-- Work request --
Print the lines in the listing below starting at the line with "adidas Shirts Polos" and ending at the line with "Akatsuki No Yona", both included. Reproduce them exactly and omit every picture.

══ Material shown

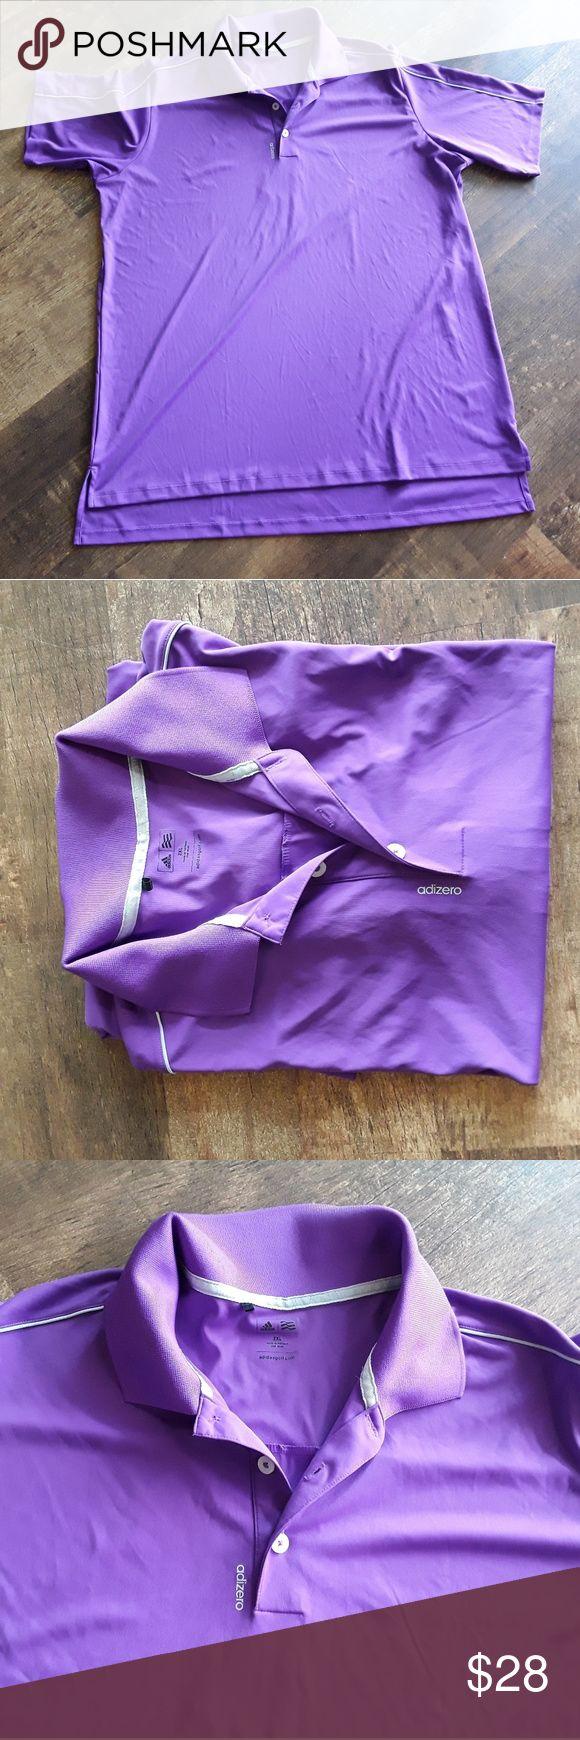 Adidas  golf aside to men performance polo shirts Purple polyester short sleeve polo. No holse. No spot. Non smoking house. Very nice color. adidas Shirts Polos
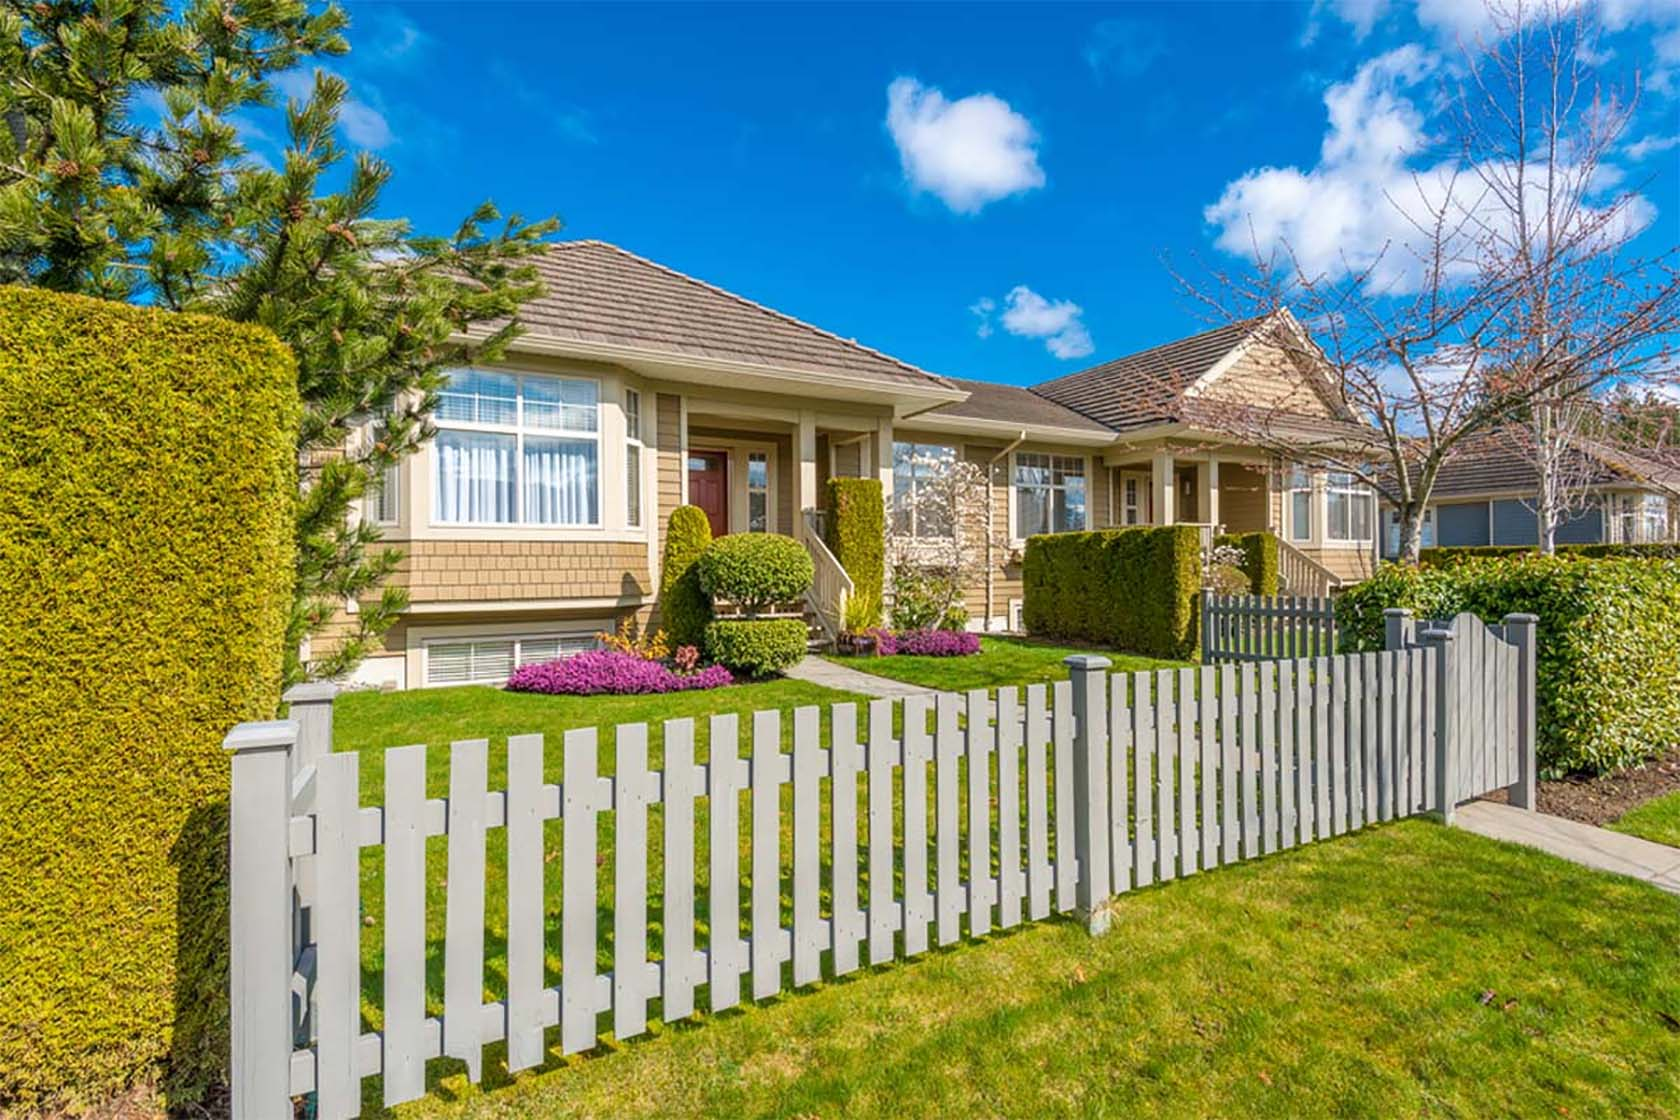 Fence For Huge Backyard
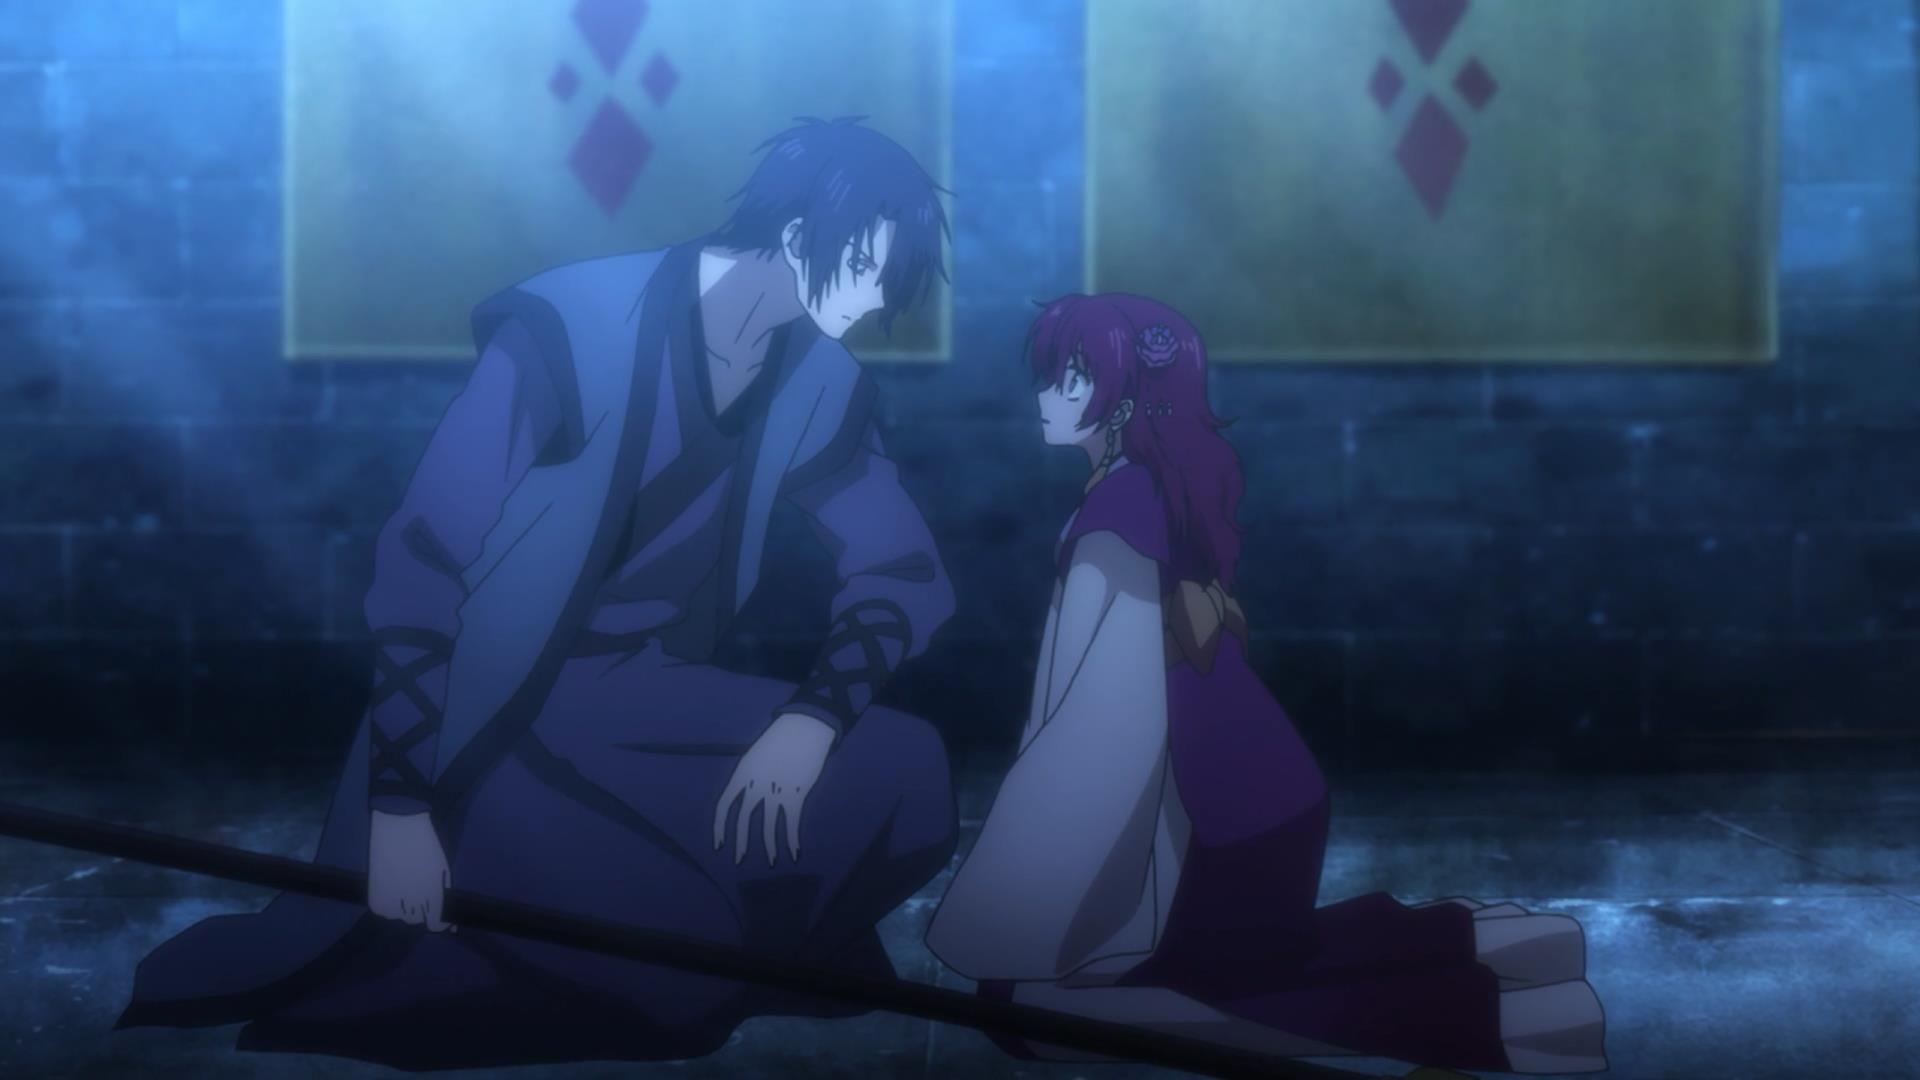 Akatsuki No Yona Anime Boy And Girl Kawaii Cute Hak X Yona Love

════
══ Material shown

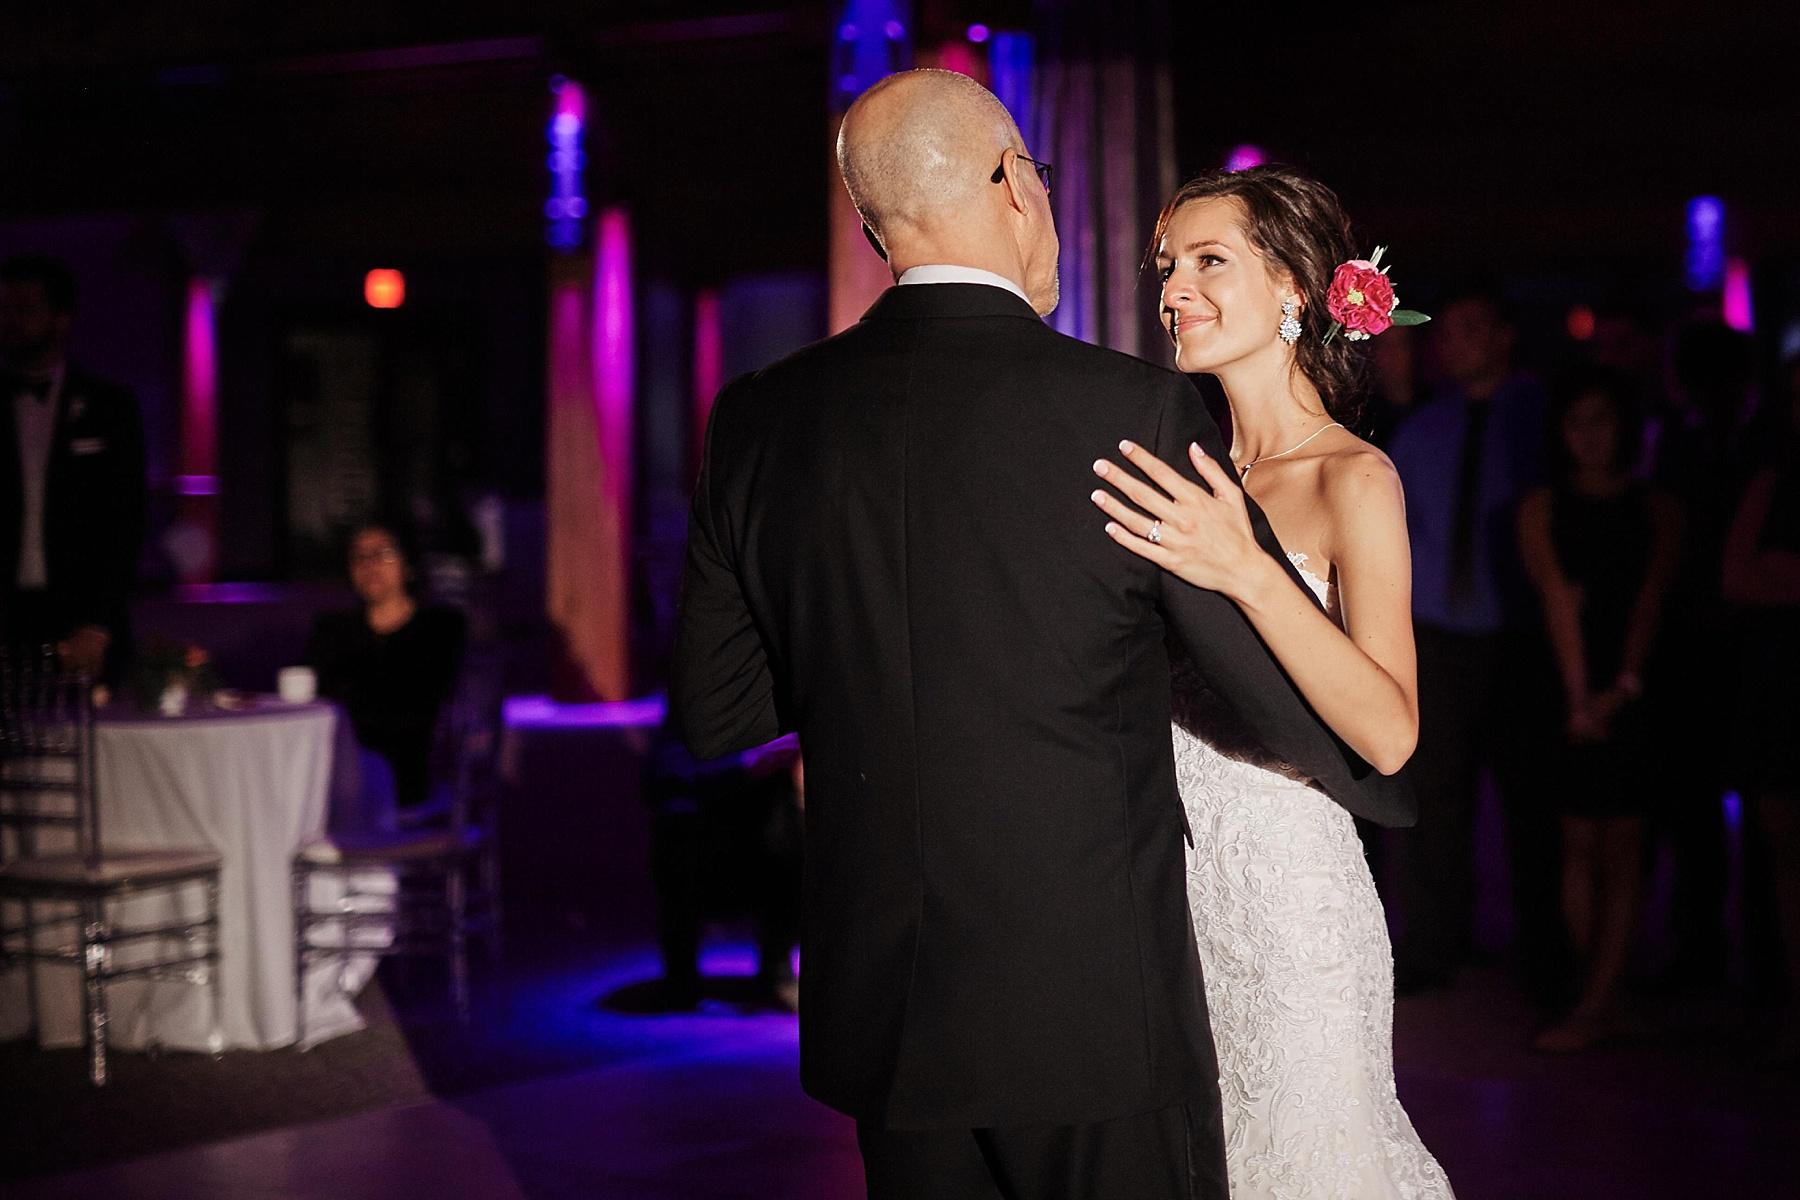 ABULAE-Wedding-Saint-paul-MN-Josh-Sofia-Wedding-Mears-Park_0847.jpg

════

-- Written answer --
 Adidas  golf aside to men performance polo shirts Purple polyester short sleeve polo. No holse. No spot. Non smoking house. Very nice color. adidas Shirts Polos
 Fence For Huge Backyard
 Akatsuki No Yona Anime Boy And Girl Kawaii Cute Hak X Yona Love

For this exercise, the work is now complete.